Asymmetric disassembly of the SC. LAB-1 and SYP-1 acquire a reciprocal localization on chromosomes during late pachytene.
Short and Long arm identities observed in bivalents at mid-diakinesis: LAB-1 is observed exclusively on the long arms whereas SYP-1 is present only on the short arms of the bivalent.
LAB-1 forms a distinct ring-like structure on the long arm domain (along with REC-8), presumably delineating the interface between sister chromatids.
DNA double-strand break (DSB) repair in the germline
We are investigating the molecular basis for meiotic crossover formation and germline maintenance through our discovery and analysis of HIM-18/SLX-4, a conserved protein required for the maintenance of genomic integrity given its role in promoting the processing of late homologous recombination intermediates (Saito et al., submitted). Future studies are aimed at investigating the roles played by other proteins implicated along with HIM-18 in DSB repair throughout the germline.
The roles of histone demethylases in germline maintenance and DSB repair
Chromatin structure plays critical roles in most chromosome functions in vivo, including DNA
replication, chromosome segregation, and transcription. The roles of histones, the main protein components of
chromatin, are controlled to a significant degree by post-translational modifications along their N-terminal
tails. One such critical type of modification is histone methylation, which has been implicated in biological
processes such as the establishment and maintenance of heterochromatin, transcriptional regulation, X
inactivation and DNA damage response. A search for histone tridemethylases in the laboratory of our
collaborator, Dr. Yang Shi (Dept. of Pathology, HMS), led to the identification of JMJD2A. This protein is
also present in C. elegans and we proceeded to investigate its in vivo biological relevance by
focusing on the roles played by CeJMJD2 in the germline. We determined that depletion of this
candidate by RNAi leads to an increase in H3-K9Me3 and H3-K36Me3 levels on chromosomes in the adult
hermaphrodite germline. This was accompanied by a transient increase in RAD-51 foci and a p53-dependent
increase in germ cell apoptosis indicating the activation of a DNA damage checkpoint (Whetstine et
al., 2006, Cell). These studies were the first demonstration of the existence of histone
demethylases able to reverse lysine trimethylation and have led to an ongoing collaboration through which the
link between lysine-specific histone demethylases and DNA repair is being further examined.

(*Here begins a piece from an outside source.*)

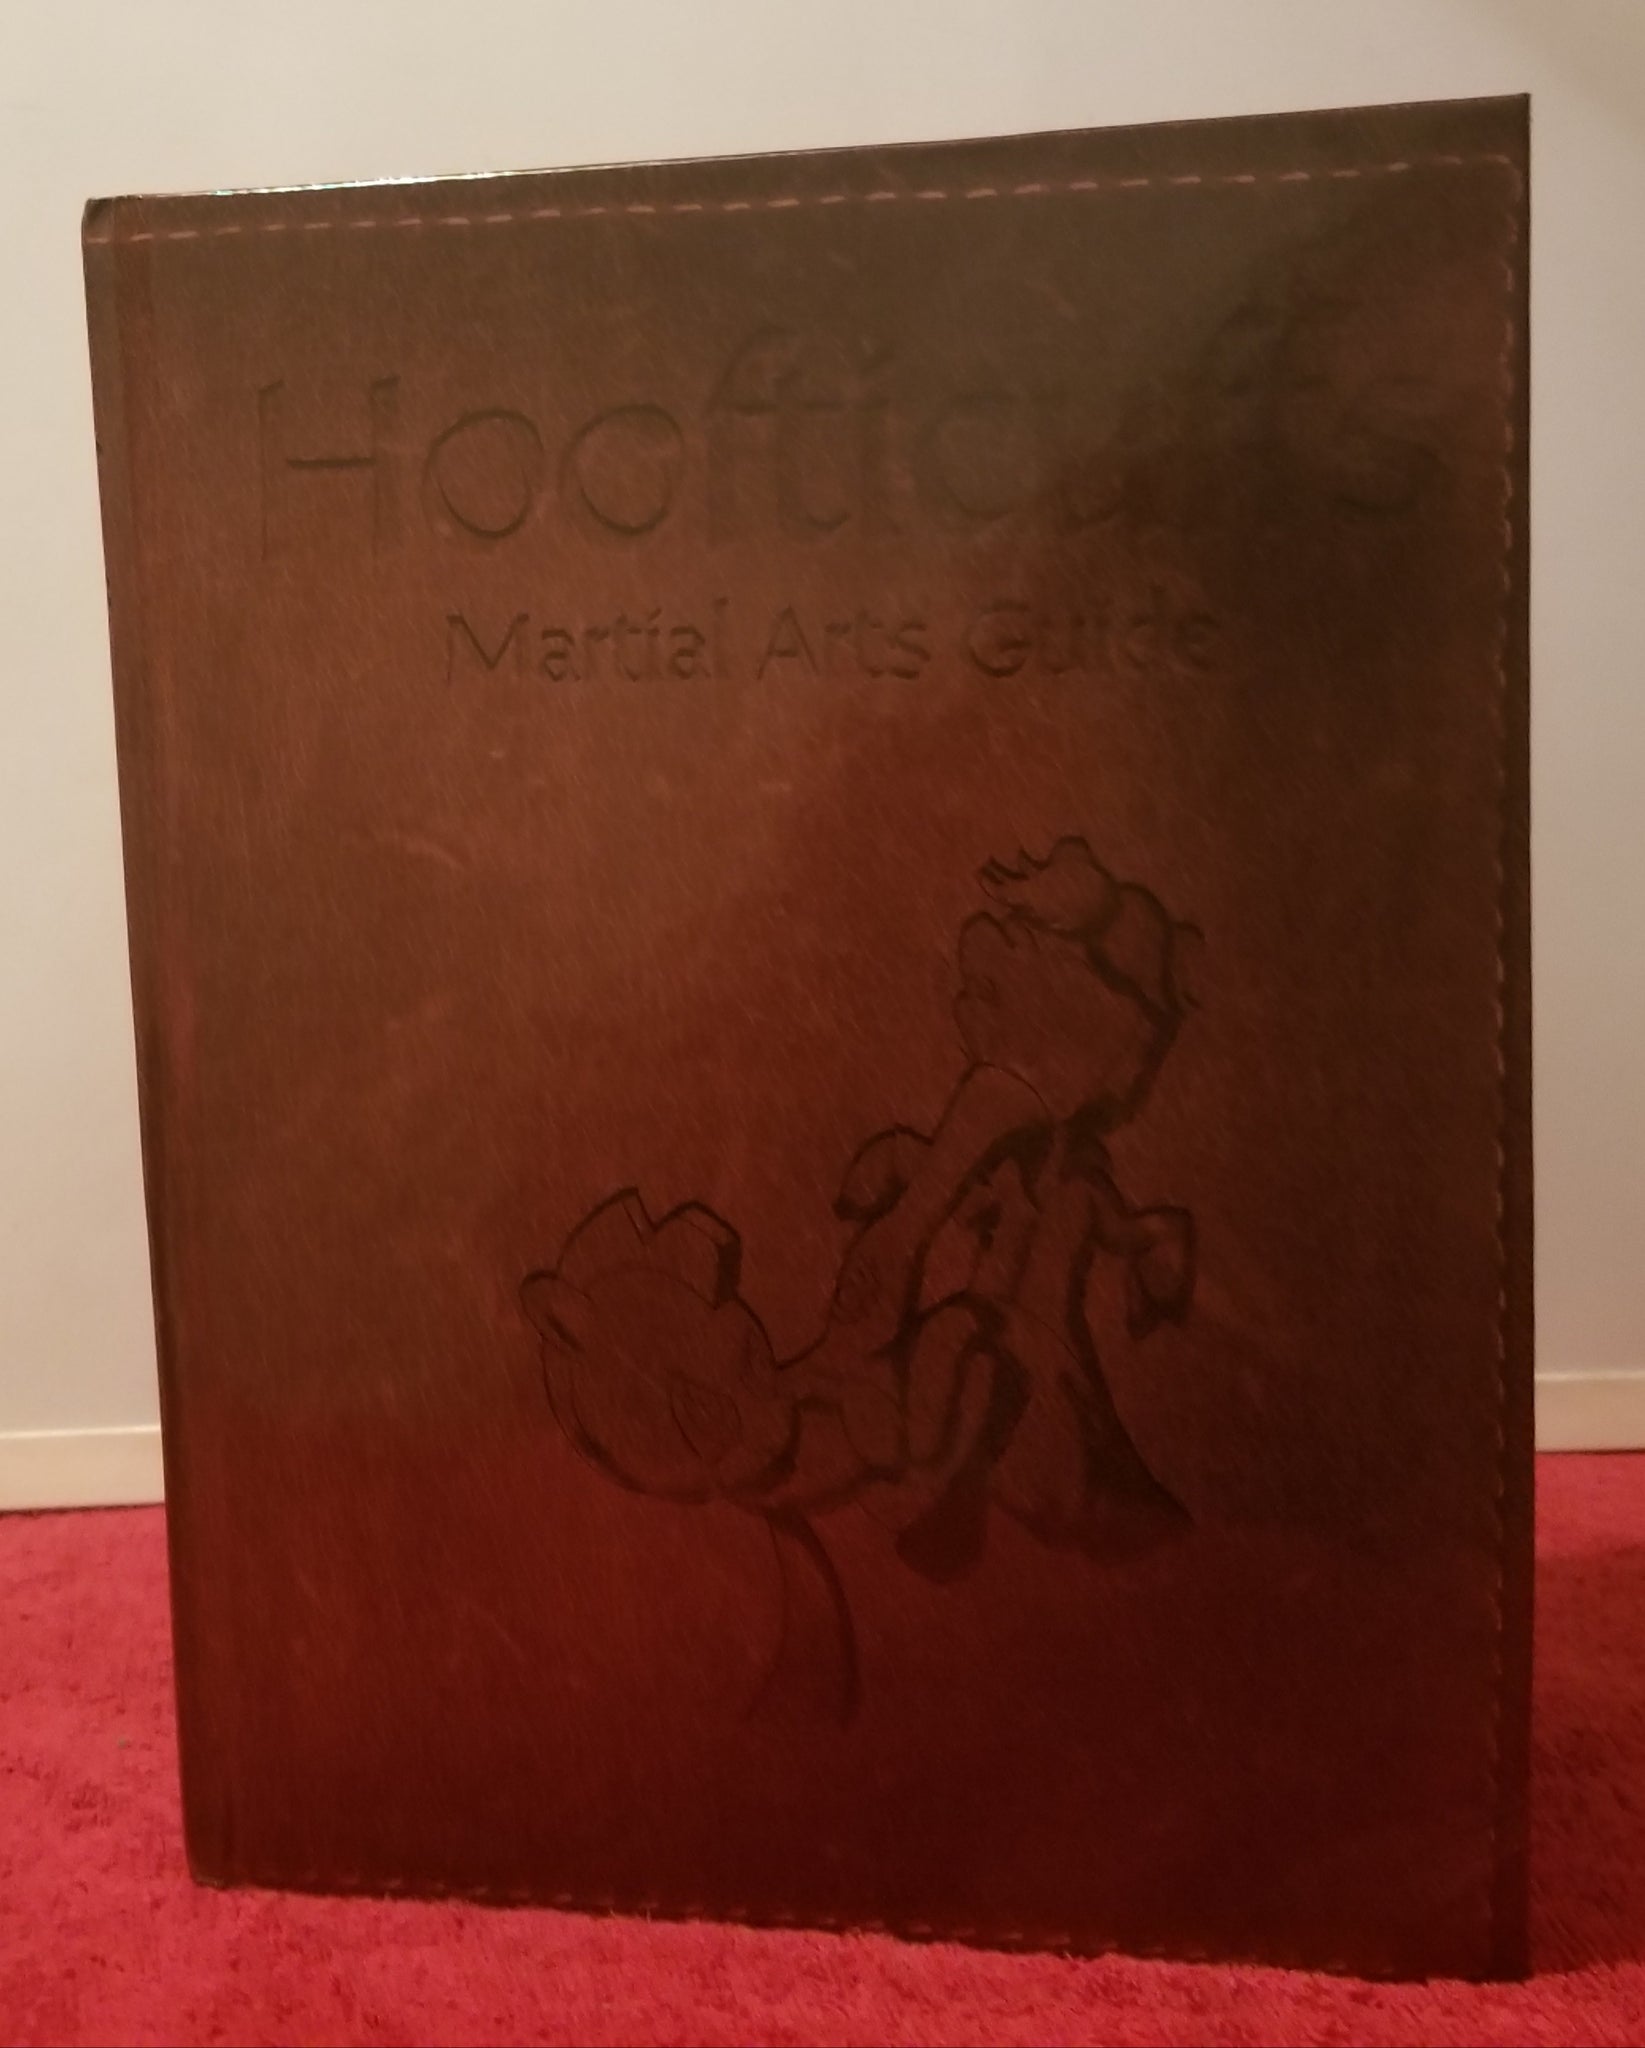 Hoofticuffs: A Martial Arts Guide

Currently, we are analyzing the in vivo roles of spr-5, the lysine specific demethylase LSD1
homolog, in germline maintenance in C. elegans. Through combined genetic and cytological approaches we
observed alterations in both histone methylation patterns along germline chromosomes and the progression of
DSB repair in spr-5 mutants. We are applying combined genetic, molecular, biochemical and cytological
approaches to confirm the in vitro enzymatic activities of SPR-5, investigate its roles in telomere
maintenance, DNA damage repair and transcriptional regulation.